An op-ed in the New York Times this month made the odd claim that credit card reward points programs are being paid for by the poor. In the piece, Stanford professor Chenzi Xu and graduate student Jeffrey Reppucci note a “credit card perks war,” which the authors trace back to Chase’s 2016 launch of the Sapphire Reserve card and the subsequent slew of products competitors released to try to keep up. The growing set of options for consumers should be seen as a win for the free market, yet the authors disparage rewards programs as upholding the so-called duopoly between the Visa and Mastercard credit card payment networks. Unfortunately, many Democratic and even some Republican officeholders agree with Ms. Xu and Mr. Reppucci’s misinterpretation of the market’s successes.
Enter the Credit Card Competition Act, a dubiously named bill proposed in the Senate last year by Democrat Dick Durbin of Illinois and Republican Roger Marshall of Kansas. The senators wrote the bill to target Visa, Mastercard, and the banks that issue their credit cards. It would require those banks to support at least one credit card network other than Visa or Mastercard. Further, neither the payment networks nor issuers could request exclusivity agreements with the merchants they work with, nor could they require merchants to use heightened security measures exclusive to Visa or Mastercard networks. Through these measures, the act purports to increase competition by making way for more credit networks in the market, supposedly driving down interchange fees to bring savings to consumers. But the senators and the authors of the New York Times piece are wrong to believe that the credit card market isn’t competitive already, and they ignore the trend such competition has precipitated: More people have access to better credit cards, including lower-income consumers.
Credit card companies fighting for business through perks is, in fact, a manifestation of market competition which has led banks to provide credit products for people of varied financial means. Some banks like Chase have taken a diversified approach, offering products for all credit and income profiles while operating on the traditional Visa and Mastercard payment networks. But competition has even extended beyond the big two payment networks. American Express cards prioritize exclusive travel rewards on a payment network separate from Visa and Mastercard. Meanwhile, Discover provides credit cards targeted toward students and young people to develop credit history on a fee-free card with cash-back rewards, also on its own payment network.

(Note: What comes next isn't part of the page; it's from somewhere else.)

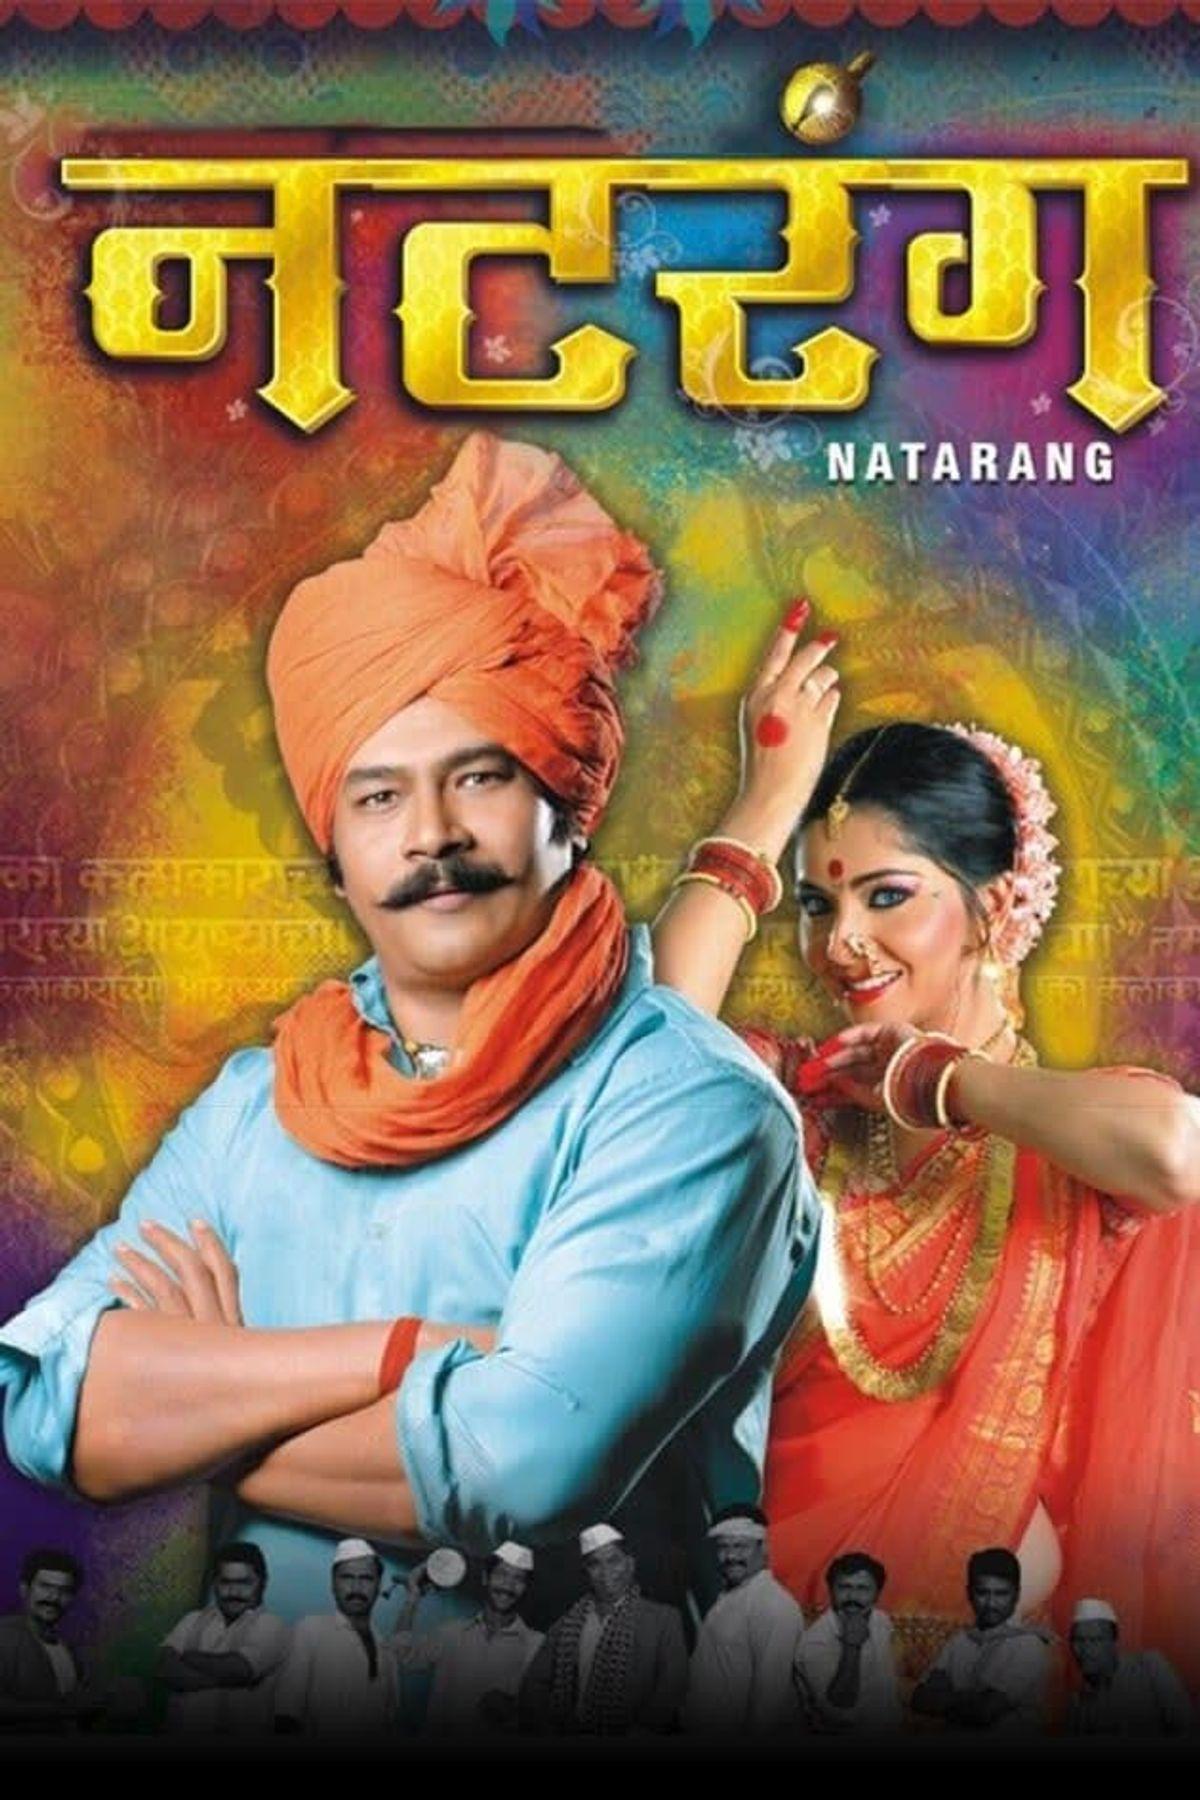 Ravi Jadhav Best Movies, TV Shows and Web Series List

Banks aren’t giving out rewards because they enjoy giving freebies to the wealthy. They do so because they make more money through increased transactions, especially from affluent customers. The revenue from those transactions offsets the risk of lending to less reliable consumers with lower spending volume and less consistent payment rates. The poor are not subsidizing rewards; in fact, consumers with poor credit receive more favorable terms because high-credit consumers provide more stable revenue. Like most goods that were once considered luxuries, credit cards with strong perks were first available to big spenders, but market competition has made them more accessible to others. The various credit card networks and many more issuing banks have benefitted high-income and low-income consumers by increasing the options, especially for those who weren’t eligible for credit only a few years ago.

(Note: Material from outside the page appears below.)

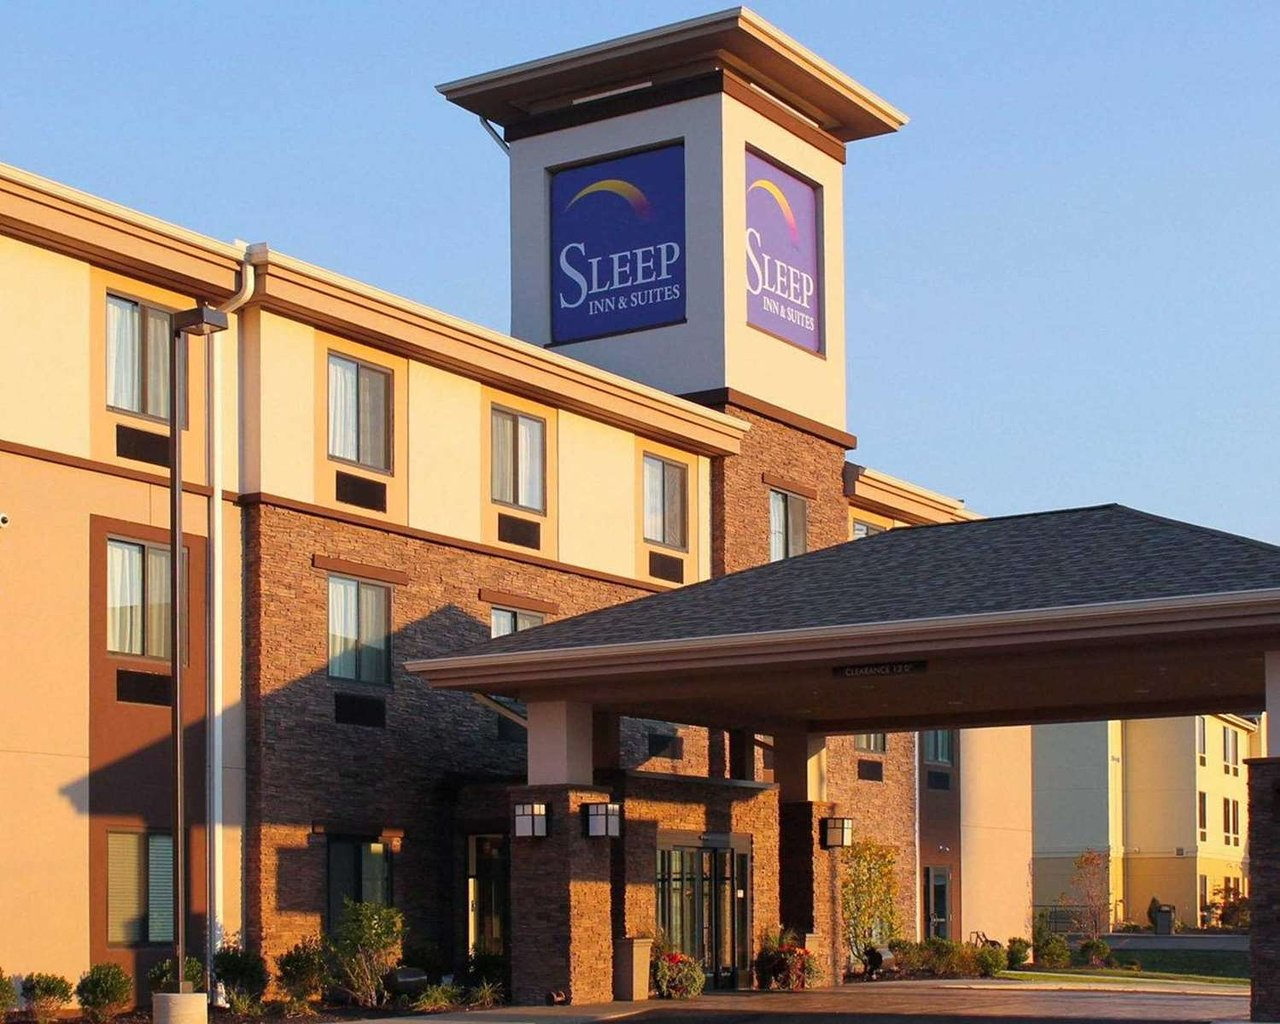 Sleep Inn Suites 67 8 Prices Hotel Reviews Cambridge Ohio Tripadvisor

More consumers than ever are taking advantage. According to the Federal Reserve, 84% percent of American adults owned at least one credit card in 2021, including a solid majority of those with family incomes of less than $50,000 per year. By comparison, Gallup found in 2014 that only 71% of adults had credit cards. Despite gripes from supporters of the Credit Card Competition Act, these numbers demonstrate that there is a demand for credit cards among low-income consumers which is being met thanks to existing market competition. Reducing financial institutions’ ability to create profitable products won’t hit the wealthy — businesses will always cater to them. Rather, it will reduce options for lower spenders and the working class, who will be worth less to credit card issuers.

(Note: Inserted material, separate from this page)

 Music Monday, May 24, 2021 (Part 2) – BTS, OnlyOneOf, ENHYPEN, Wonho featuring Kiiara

Such attempts to regulate payments have been enacted before and, like most restrictions on the free market, they ended up benefitting big corporations, not individuals. A 2010 amendment to the Dodd-Frank Act introduced by the very same Senator Durbin capped debit card interchange fees—the rate paid by merchants on payments—to 0.05% plus $0.21 per transaction, which let big box stores keep more of the revenue from each sale but didn’t pass savings onto consumers. This lowered revenue for community banks and credit unions, forcing them to charge maintenance fees, cut debit rewards programs, or even shutter their doors. Meddling with credit payments would end the same way.
Senator Durbin plans to re-introduce the bill this legislative session, despite the repeated discrediting of the underlying ideas. Instead of limiting the positive effects that competition has already had on the credit card market, the senators behind the Credit Card Competition Act should promote responsible credit card use to take advantage of what competition has already made available.